Prompt
Set the data down again, exactly as it reads, but without the pictures.

Data shown

[Start of section]

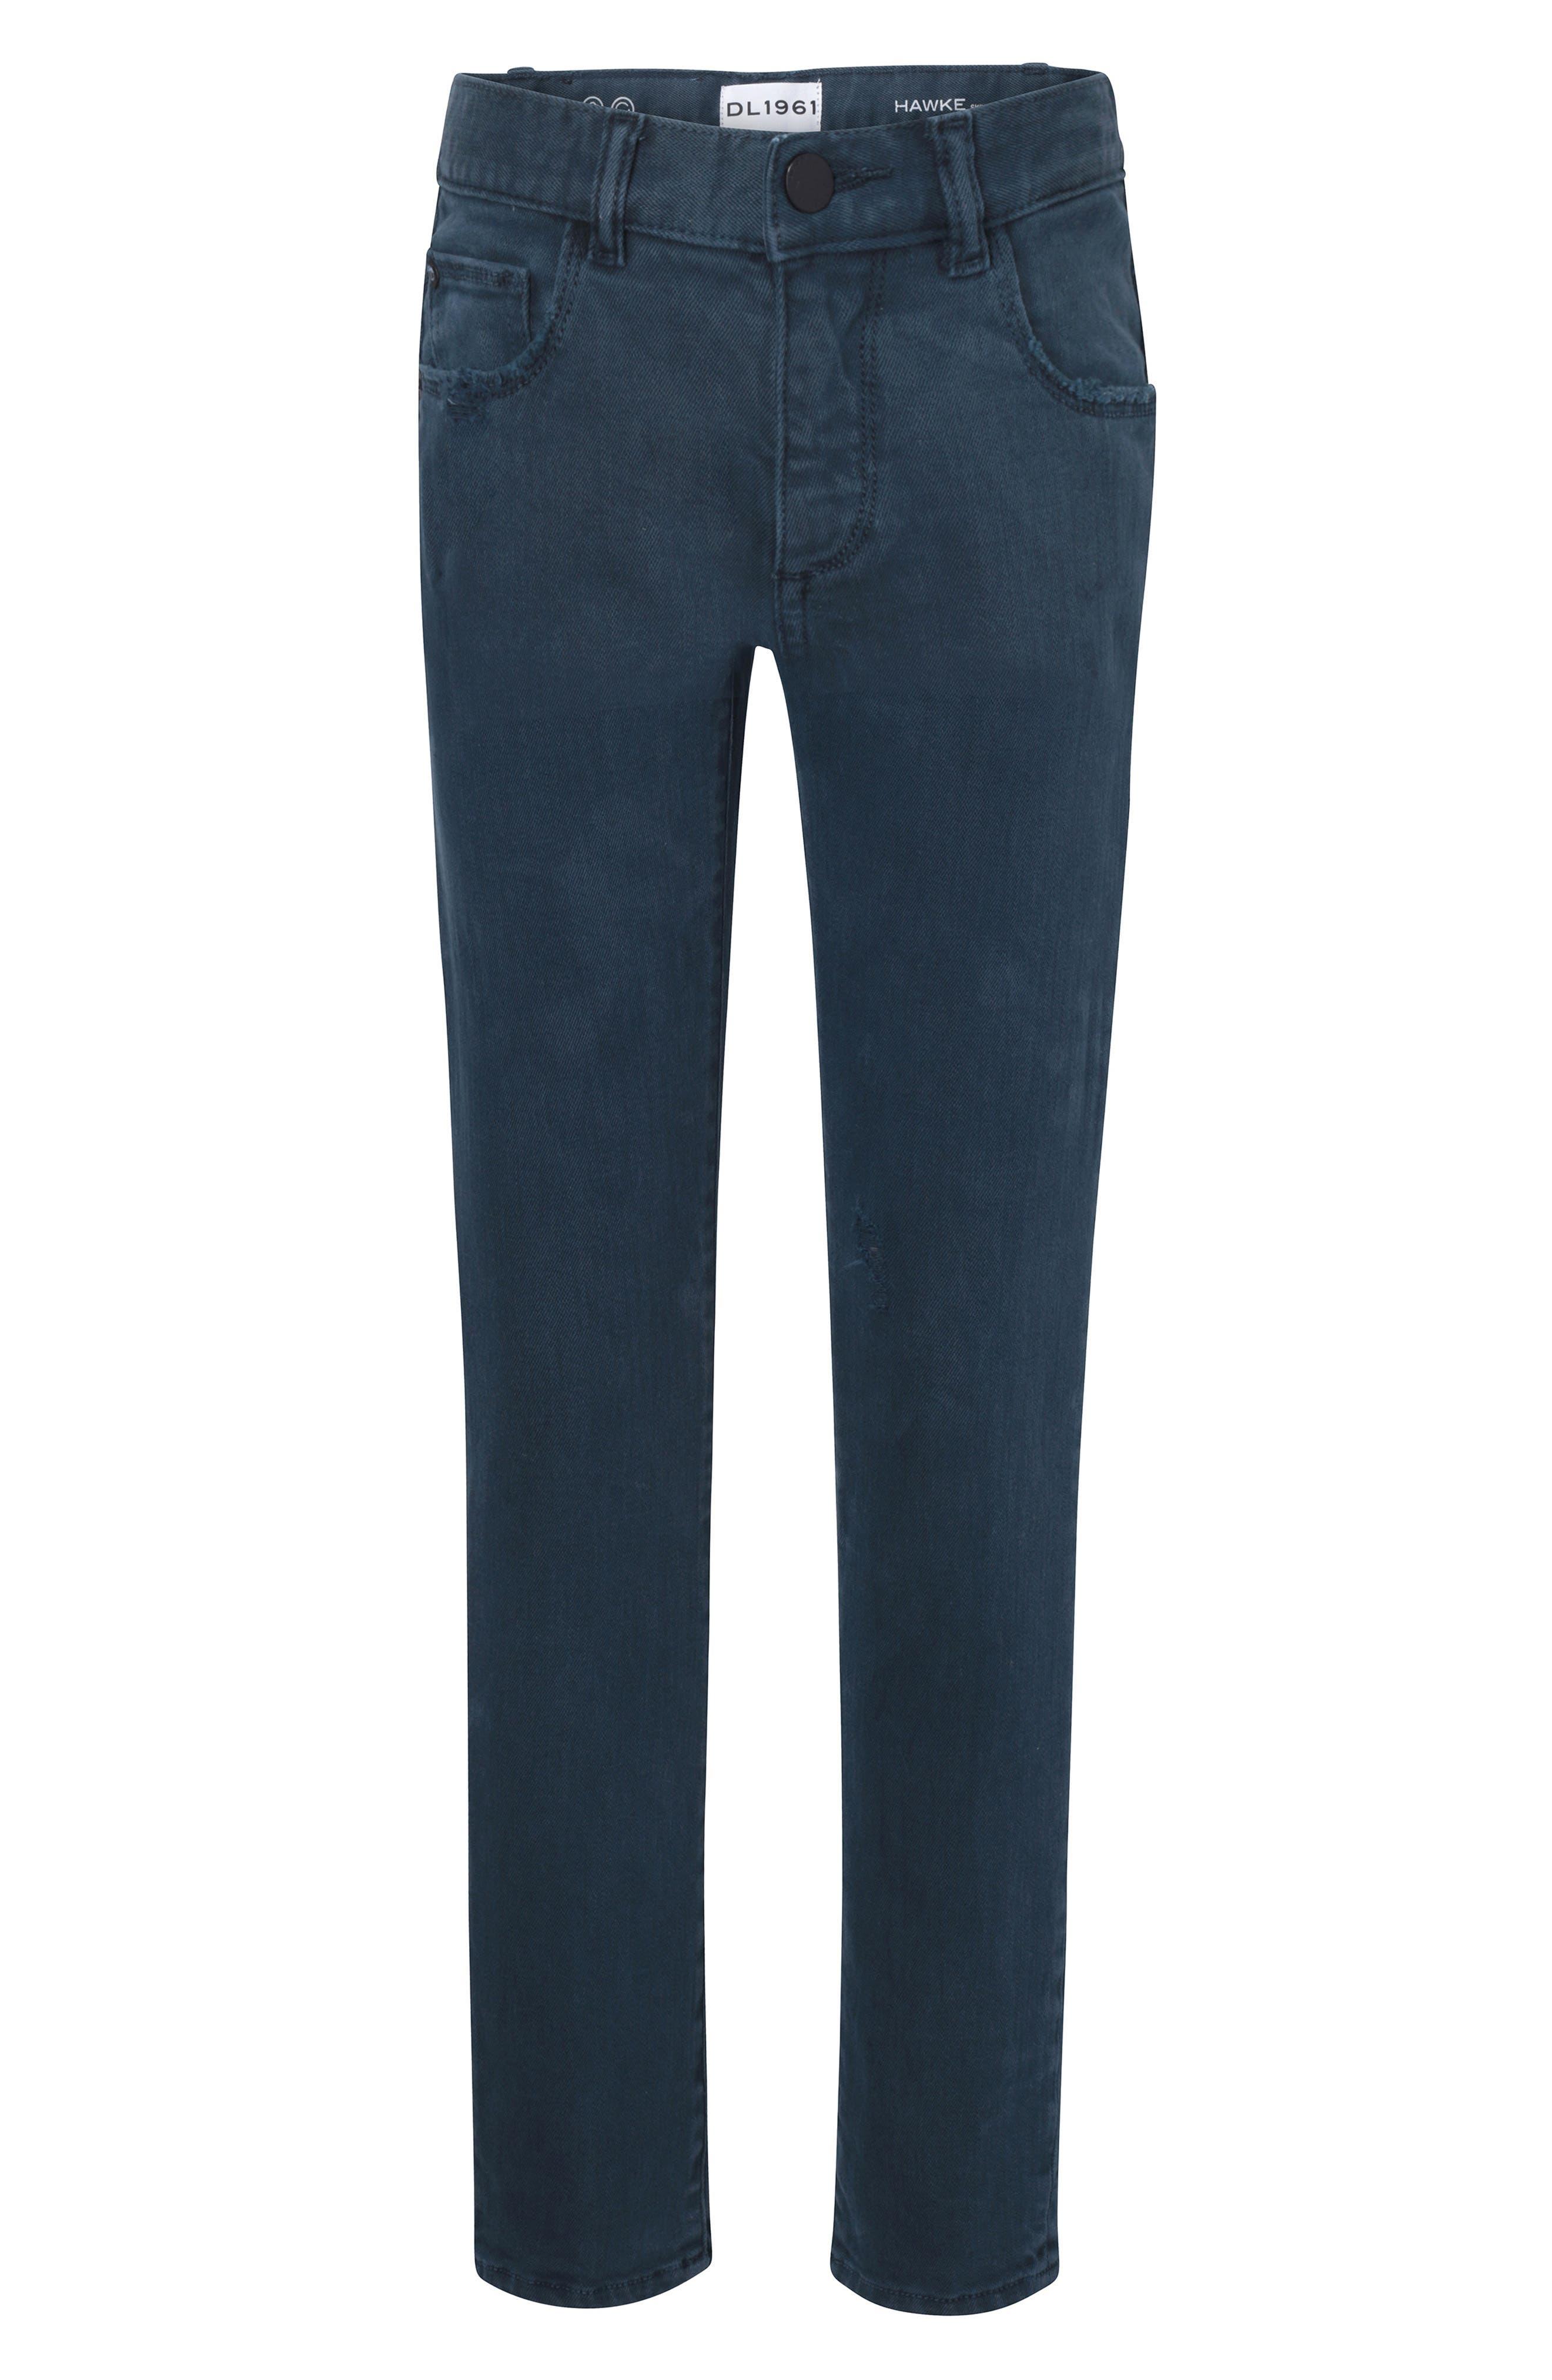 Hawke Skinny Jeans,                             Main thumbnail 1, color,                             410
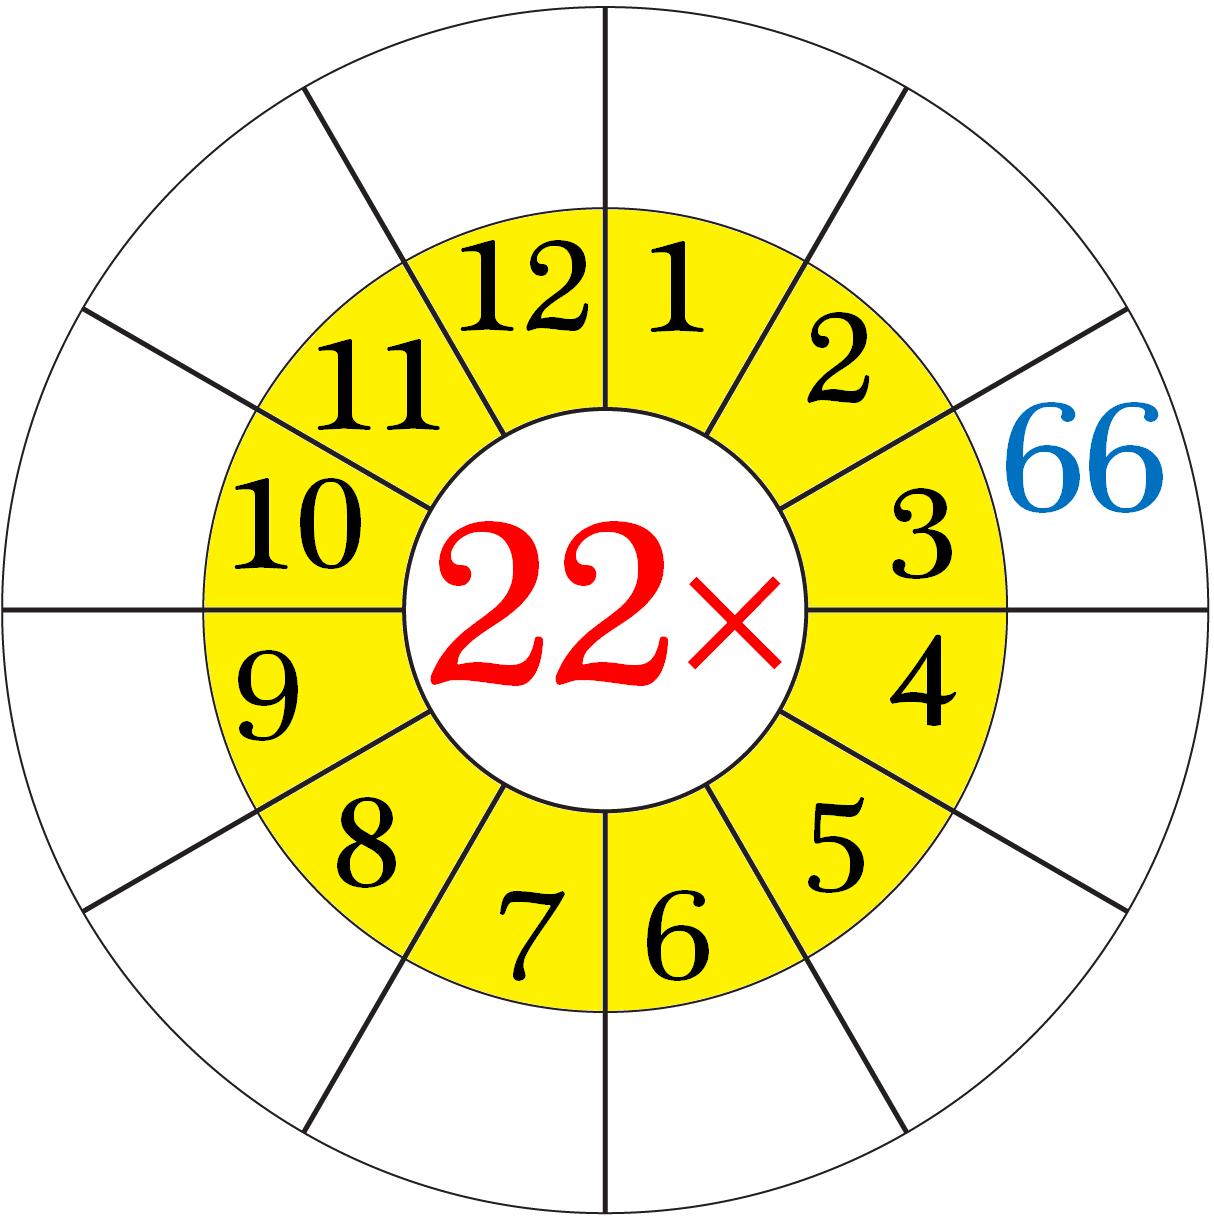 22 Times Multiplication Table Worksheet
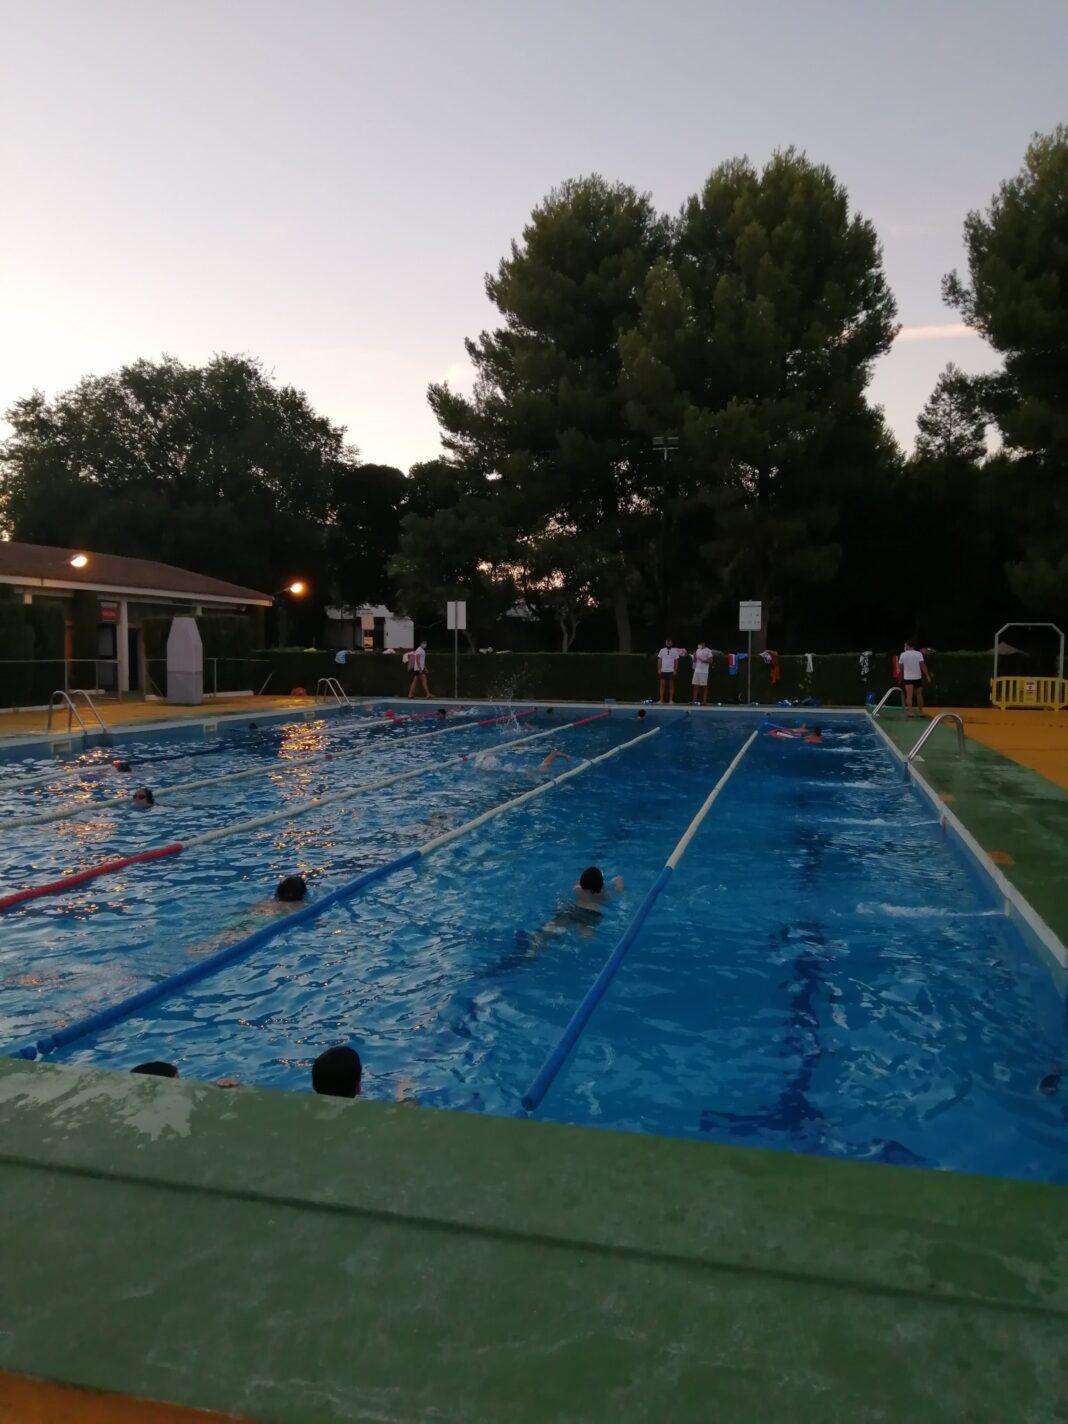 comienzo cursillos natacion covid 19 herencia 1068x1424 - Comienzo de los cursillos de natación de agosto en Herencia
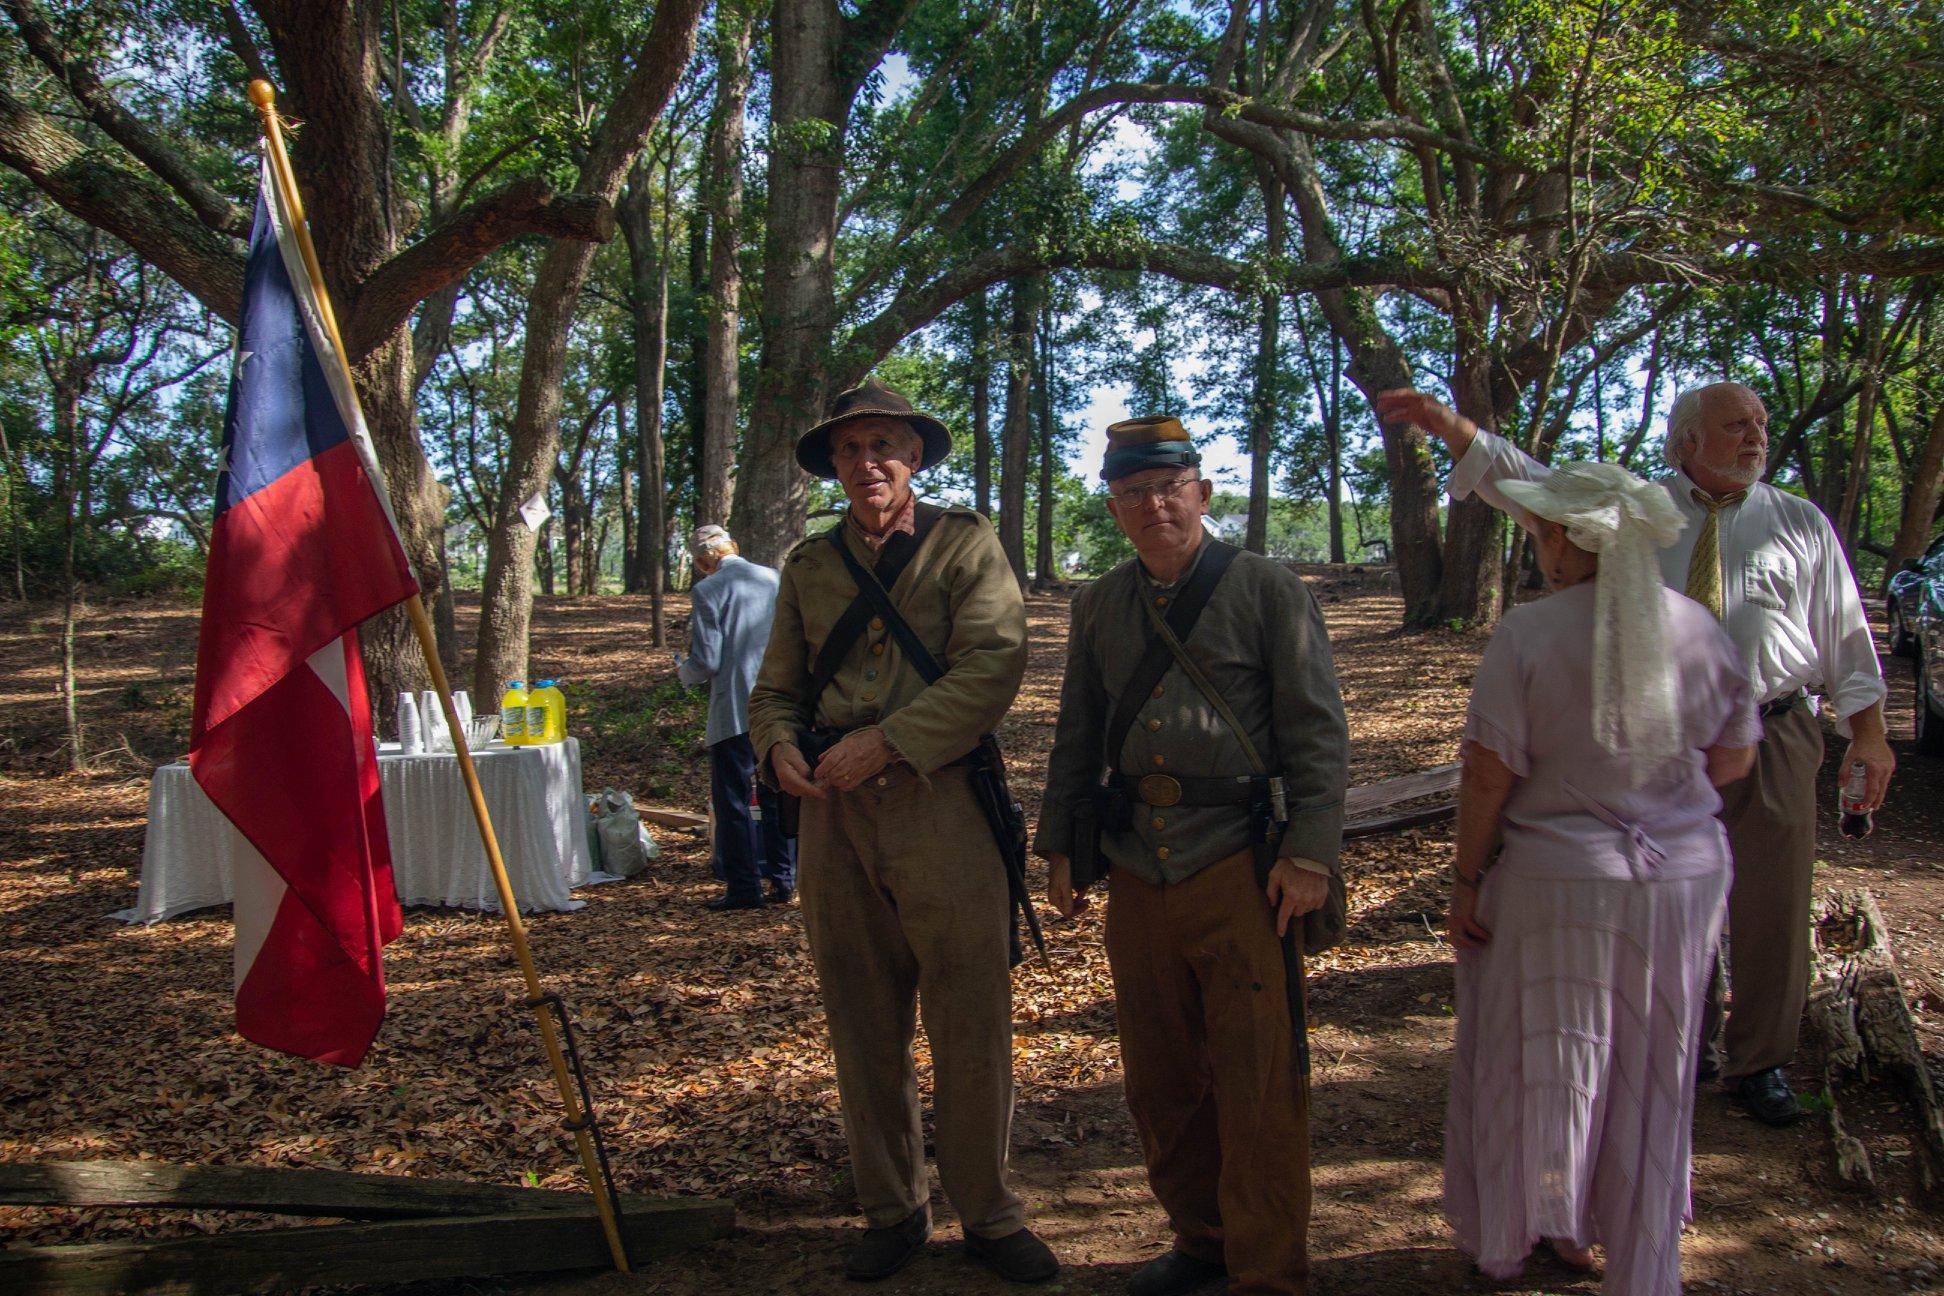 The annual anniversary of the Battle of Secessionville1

[End of section]

Finished exercise
 Hawke Skinny Jeans,                             Main thumbnail 1, color,                             410
 22 Times Multiplication Table Worksheet
 comienzo cursillos natacion covid 19 herencia 1068x1424 - Comienzo de los cursillos de natación de agosto en Herencia
 The annual anniversary of the Battle of Secessionville1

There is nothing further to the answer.